省城到南洋市有两百公里,高速路平坦宽阔。约莫两个半小时后,省纪委的车队果然开进了厂区。
刘书记戴着金丝眼镜,翻看着文件的手突然顿住:
"这检测报告 都是前不久才签发的,都在有效期内,为什么要重新再去化验, 是谁 目无组织纪律给酒厂找刁难"

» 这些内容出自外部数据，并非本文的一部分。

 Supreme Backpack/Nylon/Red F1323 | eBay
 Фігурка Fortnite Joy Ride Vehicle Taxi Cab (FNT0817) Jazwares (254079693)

旁边的张局长额头瞬间渗出冷汗,钢笔在记录簿上划拉得飞快。
卫国被喊进临时会议室时,正撞见张局长抹着汗往外走。
"刘书记,"他拽住卫国袖口,声音压得极低,
"你咋把刘书记请来了?肖副省长刚才还打电话问情况呢......"
话音未落,会议室里突然传来拍桌子的声响——原来是刘书记在核对送检样品的编号。
事情查得飞快。当天下班前,三个穿制服的人就被带走了。
卫国坐在办公室里,看着夕阳把"卧龙酒厂"的牌匾染成金色,忽然想起第一次来应聘时,老厂长拍着他肩膀说的话:
"小伙子,这厂子是南洋市的脸面啊。"
晚上七点,省长办公室的电话响了。
刘书记的汇报透过听筒传来时,肖副省长正在弟弟肖恩的庆功宴上碰杯。
他手机屏幕亮起的瞬间,肖恩正意气风发地宣布:"等我当选市长......"
话音未落,肖副省长的手机"啪"地掉在地上——屏幕上赫然是纪委调查组的短信:"请您配合调查。"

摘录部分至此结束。